Вчера исполнилось 40 дней, как ушел от нас Женя Каширин. Накануне я пришла на Скорбященское кладбище и долго всматривалась в грустные глаза на сделанном неизвестным фотографом снимке. А возвращалась с кладбища, и все казалось, что вот-вот увижу его, идущего по улице с фотоаппаратом, замкнутого в своем мире. И открывающего этот мир нам.
Я познакомилась с Женей ровно 20 лет назад. И все эти годы какое-то внутреннее чутье подсказывало мне, что видел и знал он гораздо больше, чем видели и знали все мы.
Он обладал редким в наше время качеством – быть вне политики, дрязг, разборок, и быть – рядом. Рядом с каждым, независимо от возраста, взглядов и политических убеждений, когда речь заходила о помощи. Он был бессребренником. Он раздавал свои фотографии, щедро делился «мгновениями ушедшего времени», и их, по Евангелию, в его архивах возрастало «седмерицею».
…Евгений Николаевич. Женя. Женечка. Люди разных возрастов называли его по-разному. Но не было в этих обращениях ни тени панибратства. Такое обращение дорогого стоит. В Рязани для многих он был и остается своим. В чем-то простецом, в чем-то – пророком, судьба которых во все времена была одинаковой: их либо гнали, либо любили и считали своими, как блаженных Любушку Рязанскую или Василия Кадомского.

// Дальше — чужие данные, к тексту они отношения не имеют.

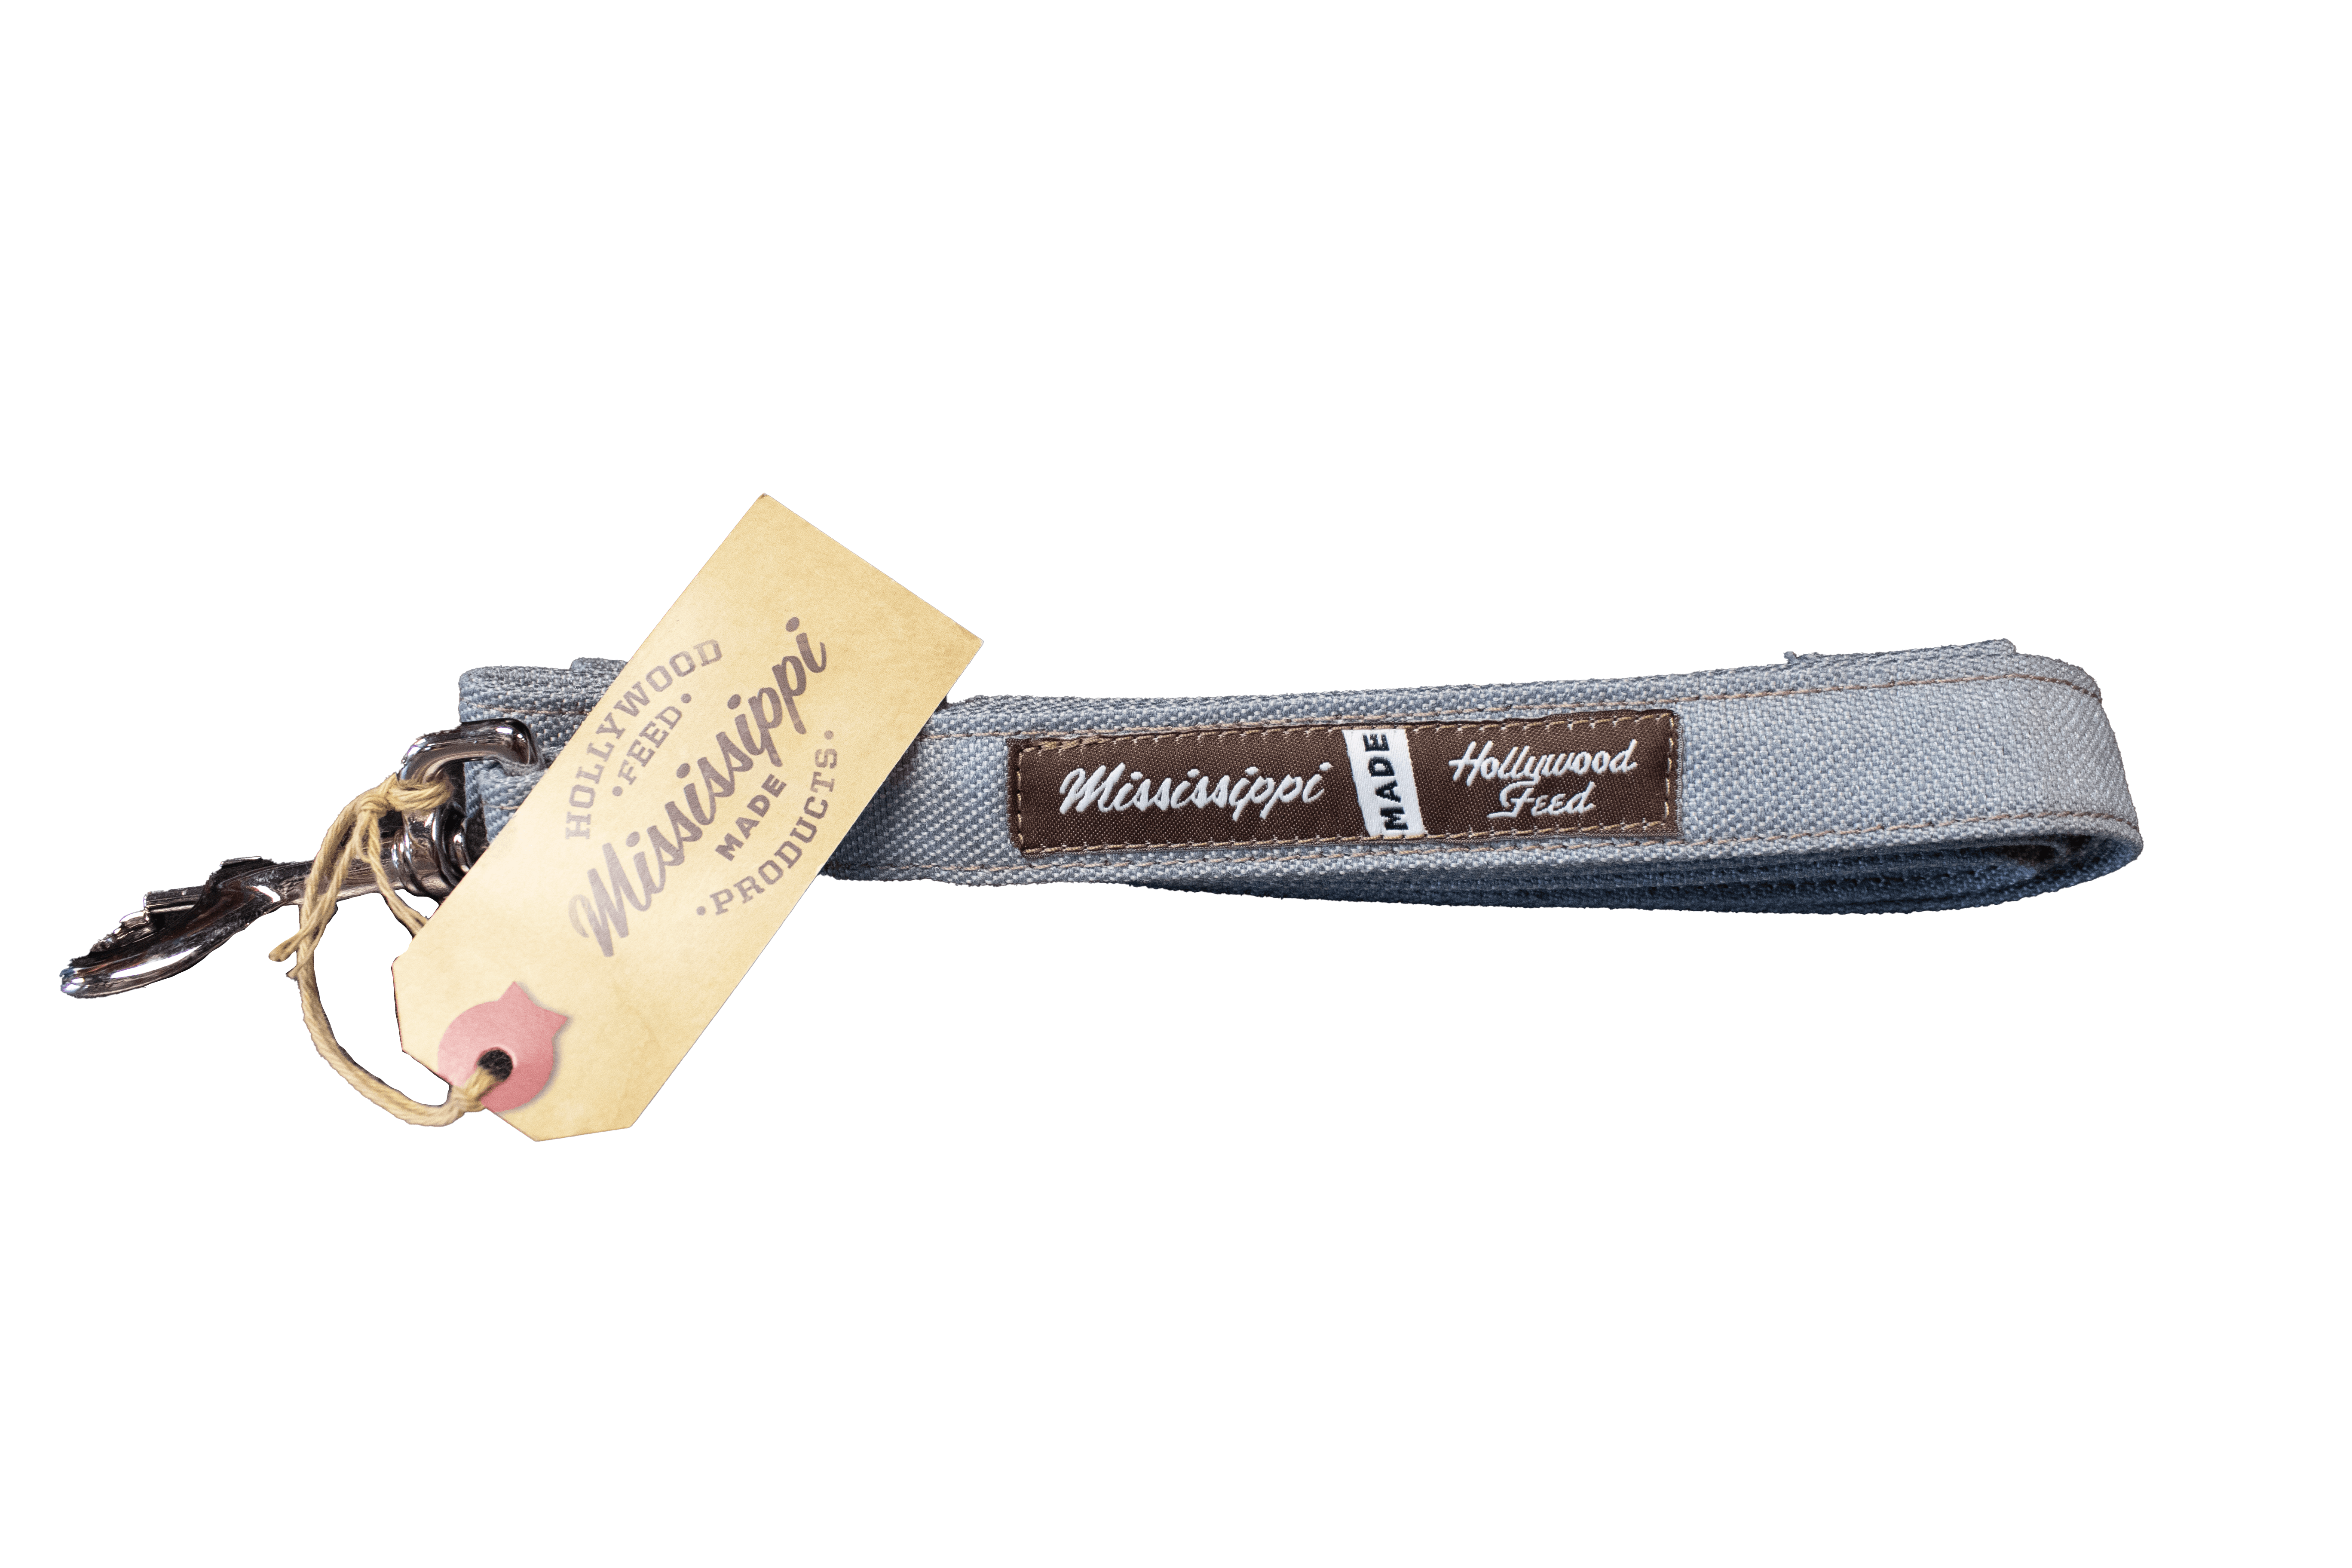 Hollywood feed mississippi made dog leash - assorted limited edition (denim color)

…Это лишь фрагменты из неопубликованных воспоминаний, что остались на моем «цифровике» от нашей последней встречи. Было начало необыкновенно теплой зимы. Суббота. Слякоть. Мы писали их на диктофон в тесной, четыре на полтора метра комнатушке в художественном училище, где нашел свой последний приют изгнанный из бывшего здания станции юных техников учитель. Комнатка была так мала, что мы смотрели друг другу прямо в глаза, а иногда мой взгляд невольно упирался в губернаторские окна напротив.
О семье Кашириных
Семья Кашириных – очень разветвленная, кого там только не было. Один из Кашириных был священником в церкви Троицкого монастыря. Алексей Каширин, прадед Евгения, ушел в Ольгов монастырь, принял постриг и там закончил свою жизнь. А дед Егор Алексеевич женился Ольге Бурминой, родом из дворян. И все они – представители духовенства и дворян, впоследствии подверглись репрессиям и унижениям.
– Отец рассказывал, что их семья носила клеймо – «лишенцы». Они не могли голосовать, их выгоняли из домов, не давали положенные пайки хлеба.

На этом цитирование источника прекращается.